Собор - Измайлова Ирина Александровна
— Тени Тартара вышли на поверхность… — прошептал Огюст, от боли закрывая глаза. — Ламии и эмпусы рыщут во тьме в поисках жертв.
— О чем вы, Анри? — дрожащим голосом спросила его Элиза. — Кто такие Тартары, ламии и эти… эм-пу-сы?
Он улыбнулся, не открывая глаз.
— Я потом расскажу… Это то ли сказка, то ли правда… Ну да… У эмпусы женское тело и ослиные ноги.[3] И злые, кровожадные глаза… Но ты не бойся! — он крепко сжал ее влажную от пота руку в своей ладони. — Не бойся, они не прикоснутся к нам: рядом со мной лежит пистолет, и у меня еще хватит силы спустить курок. Да и нет теперь никаких эмпус и ламий: они давно передохли в своем Тартаре, а это просто лисы тявкают у реки.

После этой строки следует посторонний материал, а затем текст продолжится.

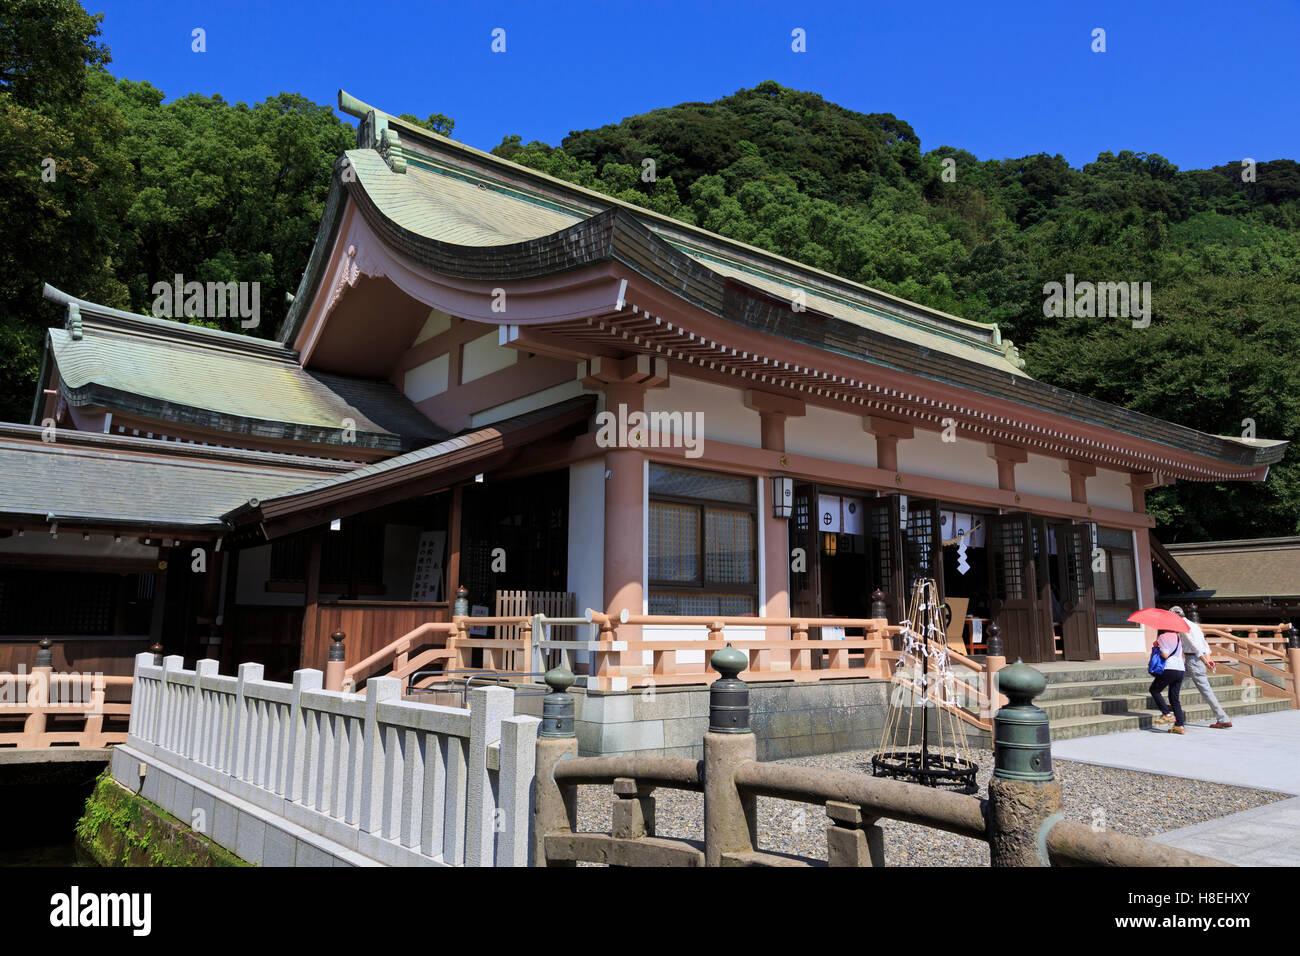 Terukuni Shrine, Kagoshima City, Kyushu Island, Japan, Asia - Stock Image

— И волки! — Элиза сунула в костер еще несколько веток, и Огюст, открыв глаза, увидел в пляшущем свете ее бледное напряженное личико. — Анри, вы как? Вам очень больно?
— Не очень, — солгал он, но снова улыбнуться уже не сумел. — Если бы ты не прижгла рану, было бы хуже…

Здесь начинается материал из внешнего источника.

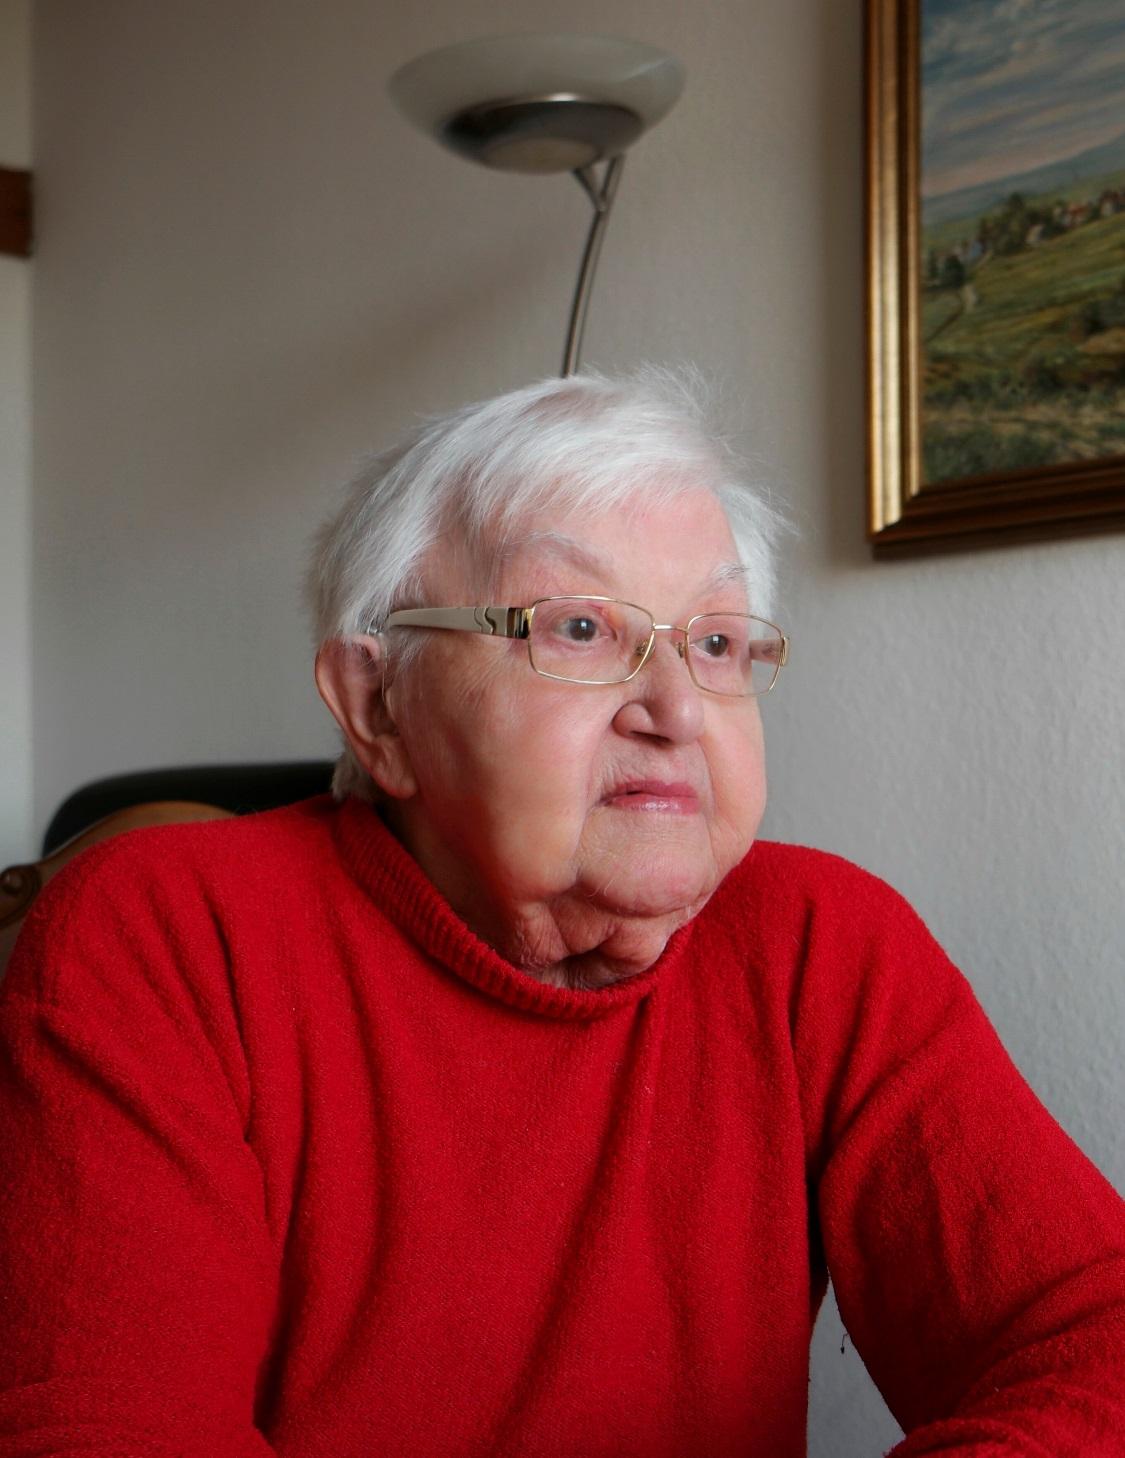 Waltrud Krämer

Он и сам не понимал, как у нее хватило на это отваги. Когда он ей сказал, что от заражения его может спасти только каленое железо, она вскрикнула и так задрожала, что платок упал с ее головы. Но потом опять взглянула на его бедро (саблей она распорола сбоку его шаровары и стало видно, что рана воспалилась), и сомнения ее исчезли. Она сунула в костер его саблю, дождалась, пока сталь налилась и засветилась багровым огнем, затем, как он ей велел, уселась ему на ноги, придавив их к земле и, задыхаясь, прижала к ране раскаленную сталь. Раненый перед этим заткнул себе рот кулаком, и его страшный, мучительный стон вырвался из груди лишь глухим хрипением.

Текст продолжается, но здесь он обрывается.